Read in the light of Merrell Dow, the ineluctable implication from Thompson, 484 U.S. 174, 108 S. Ct. 513, is that no federal question jurisdiction exists in the case at bar. That is, Thompson closes the first Franchise Tax Board jurisdictional door on PKPA cases of the instant sort, and then Merrell Dow simultaneously slams shut the second portal. Namely, if the PKPA creates no federal cause of action on which plaintiff can bring suit, his case then involves no substantial federal question, as the PKPA is the only federal law it implicates. See Rogers v. Platt, 814 F.2d 683, 689 (D.C.Cir.1987) ("Merrell Dow mirabile dictu converts [the Ninth Circuit's Thompson holding] that Congress intended no federal cause of action into a determination that there is no federal jurisdiction.").

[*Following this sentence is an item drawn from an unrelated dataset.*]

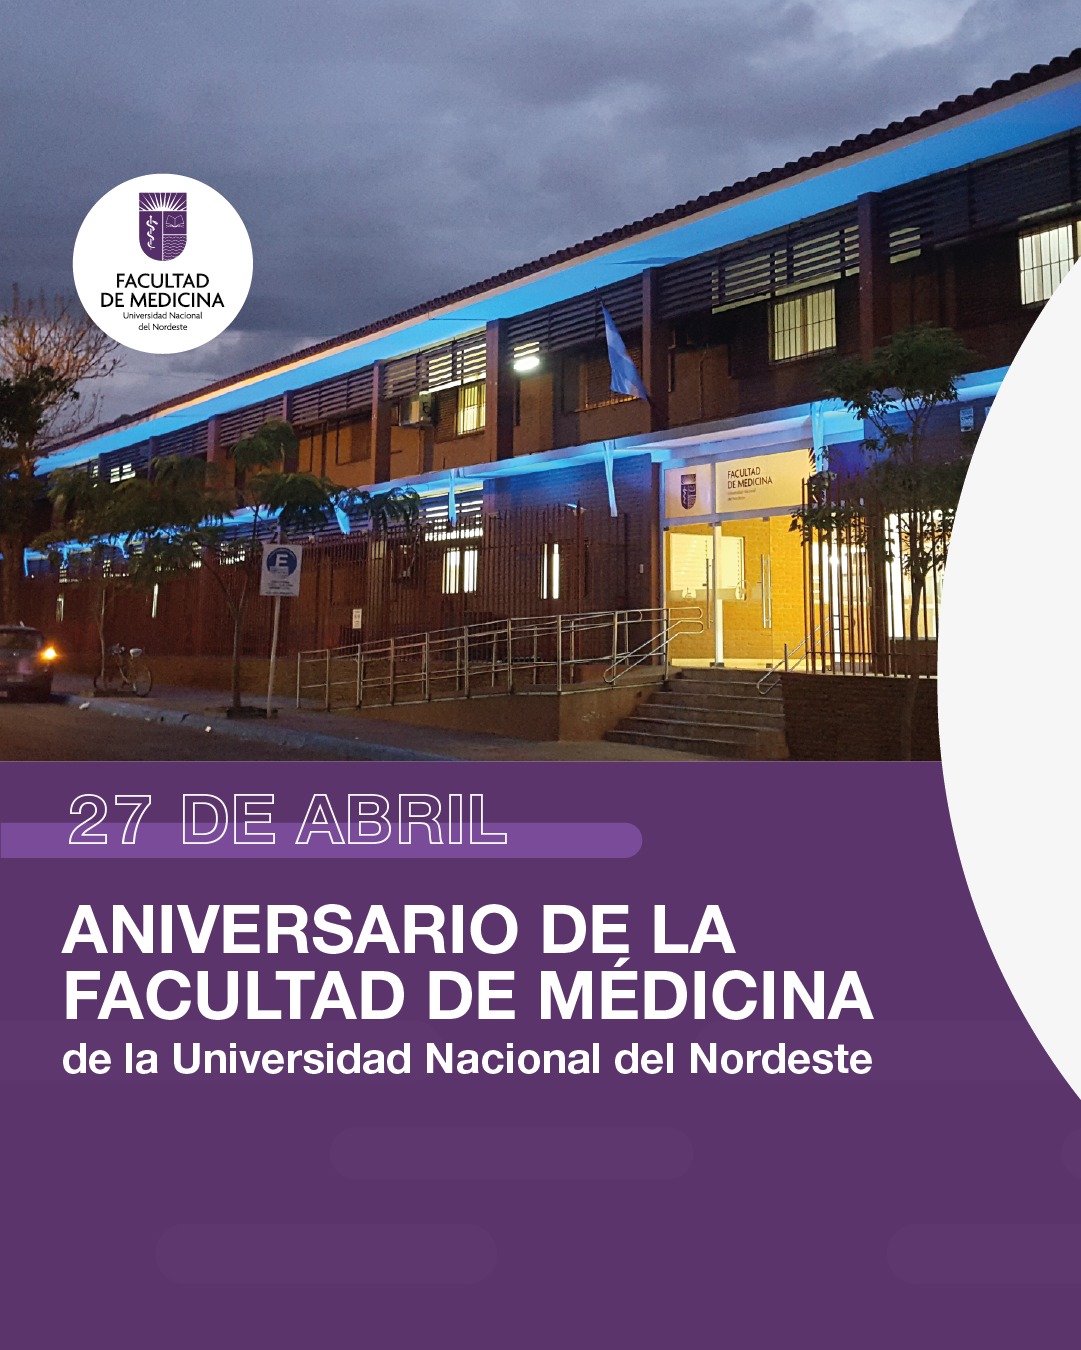 La Facultad de Medicina de la UNNE celebra su 71° aniversario como referente académico de excelencia

Thus, the Fourth Circuit's holding that the PKPA creates federal question jurisdiction, see Meade v. Meade, 812 F.2d 1473, 1476 (4th Cir. 1987); Hickey v. Baxter, 800 F.2d 430, 431 (4th Cir.1986), effectively has been overruled by Thompson.

[14] Congress identified a need "to establish national standards under which the courts of [different] jurisdictions will determine their jurisdiction to decide [custody] disputes and the effect to be given by each such jurisdiction to [custody] decisions by the courts of other such jurisdictions." Parental Kidnapping Prevention Act, Pub.L. No. 96-611, § 7(b), 94 Stat. 3566, 3569 (1980). Congress intended the PKPA, among other things, to "facilitate the enforcement of custody and visitation decrees of sister States." Parental Kidnapping Prevention Act, Pub.L. No. 96-611, § 7(c) (3), 94 Stat. 3566, 3569 (1980). As all fifty states now have adopted the Uniform Child Custody Jurisdiction Act ("UCCJA"), the need for uniformity addressed by the PKPA has been eroded.

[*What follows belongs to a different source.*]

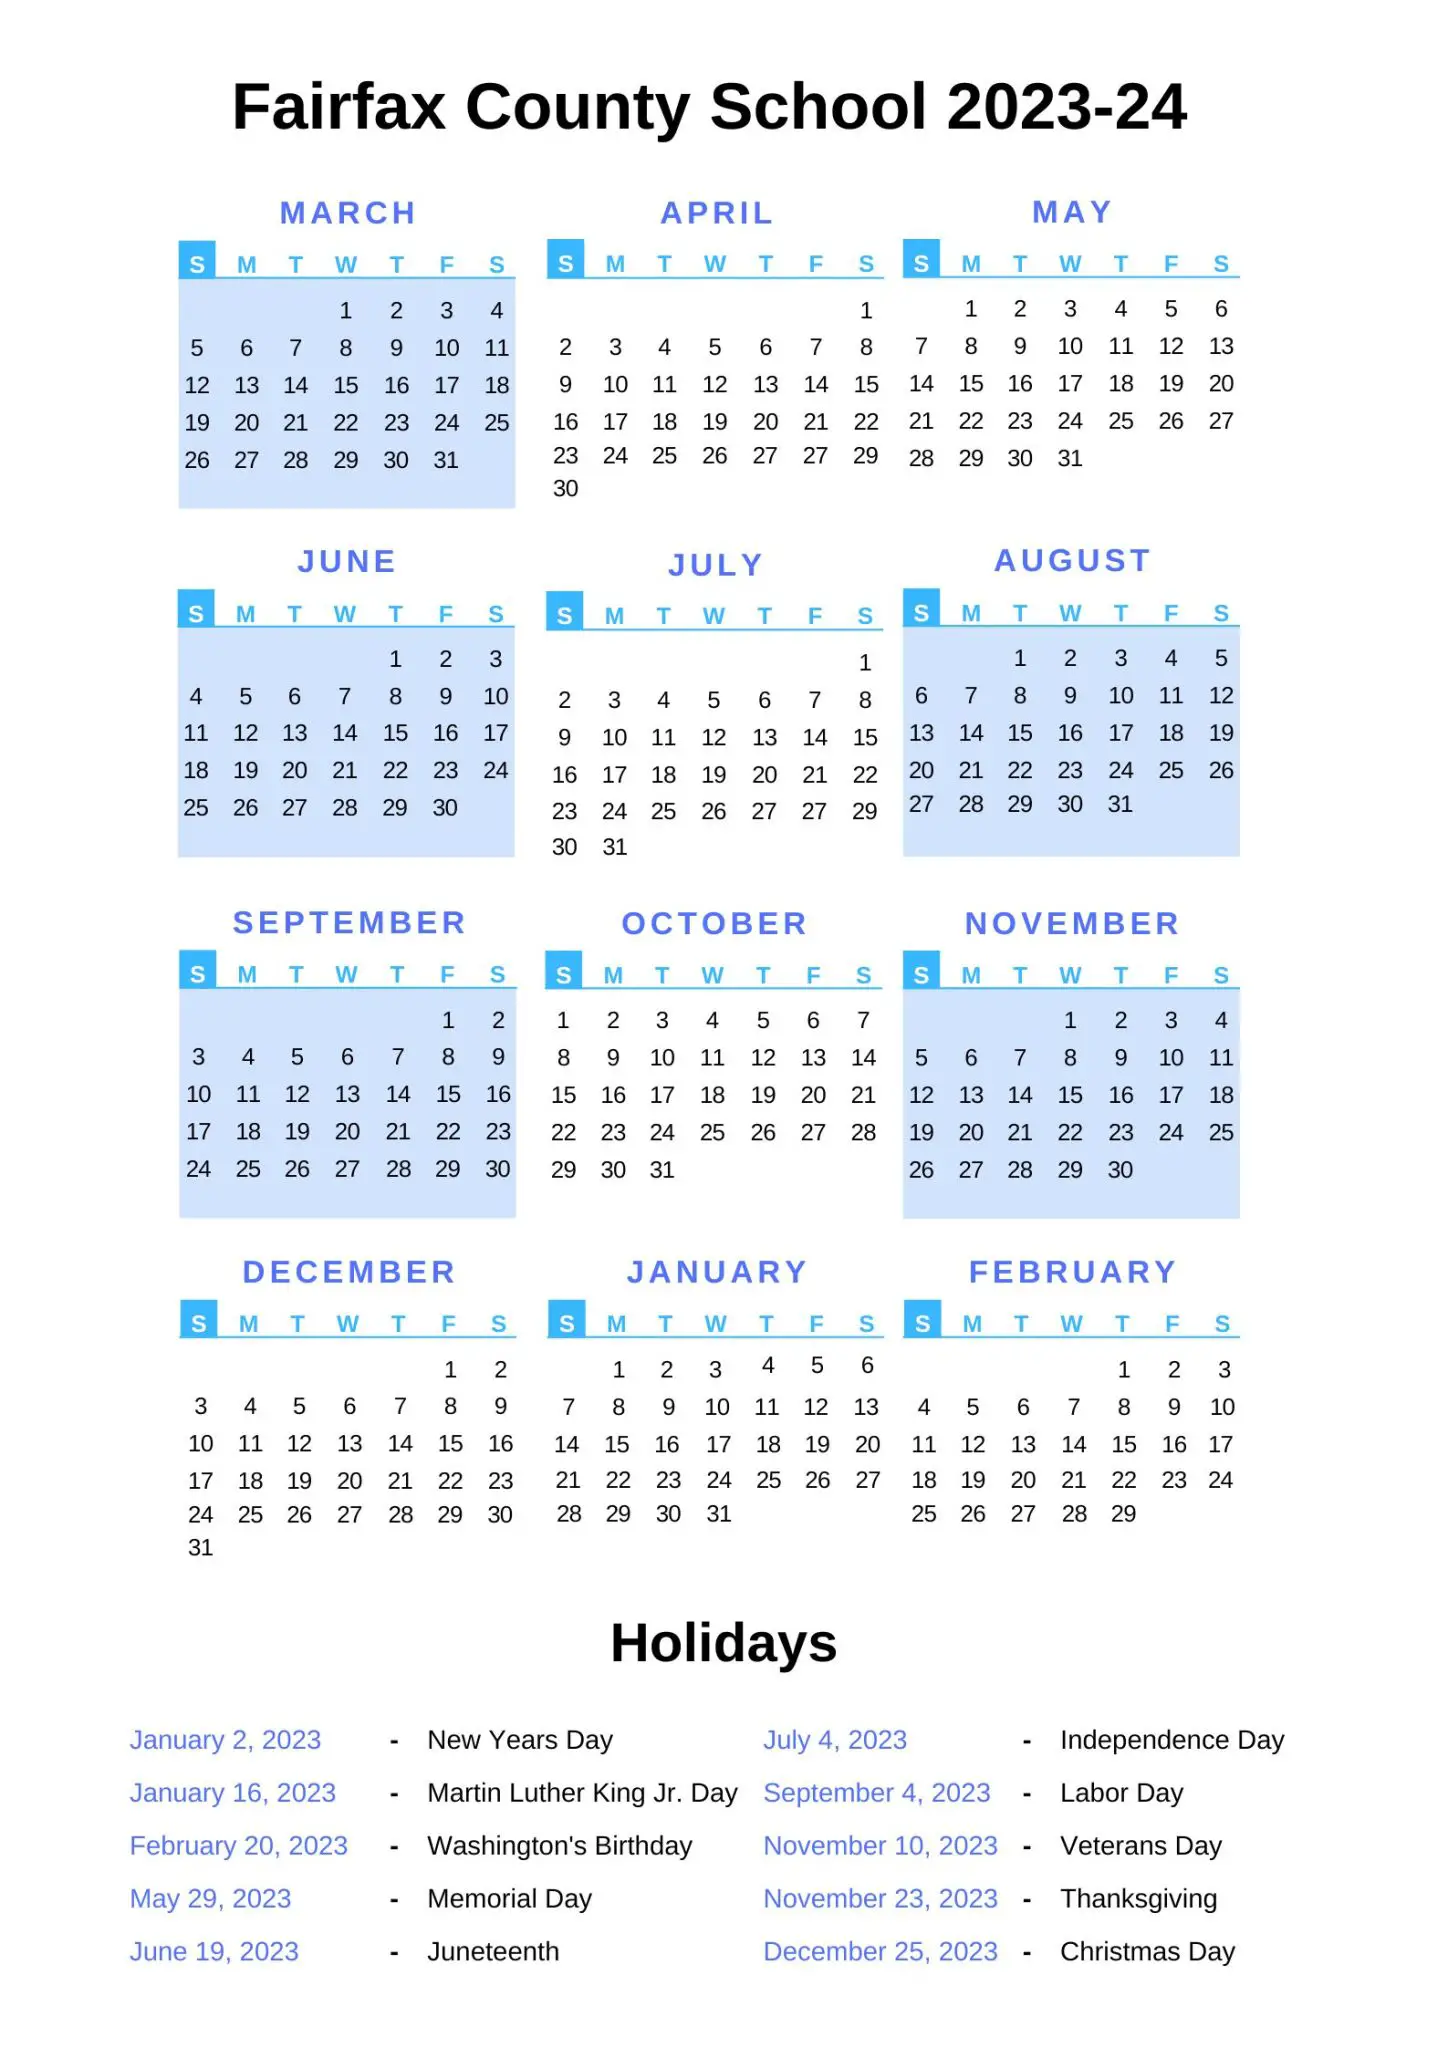 fairfax-county-school-calendar-with-holidays-2022-2023

[15] See supra at 175 and note 11. Even absent a PKPA or Full Faith and Credit Clause defense, the North Carolina court could conduct its own sua sponte inquiry into whether plaintiff's Virginia judgment would be entitled to enforcement. See Williams v. North Carolina, 325 U.S. at 234, 65 S. Ct. at 1097 (one state's jurisdictional determination "cannot ... foreclose reexamination by another state").

[16] See supra note 6.

[17] The court's decision to grant defendant's 12(b) (1) motion to dismiss moots defendant's 12(b) (6) motion to dismiss, as well as plaintiff's motions to strike and for default judgment. Absent subject matter jurisdiction under the PKPA, plaintiff cannot state a claim for which relief can be granted. See Thompson, 484 U.S. at 187, 108 S. Ct. at 520; supra note 13. Moreover, even assuming that defendant filed a late motion to dismiss, under Federal Rule of Civil Procedure 12(h) (3), the court must dismiss plaintiff's action "whenever it appears by suggestion of the parties or otherwise that the court lacks jurisdiction of the subject matter...." (emphasis added).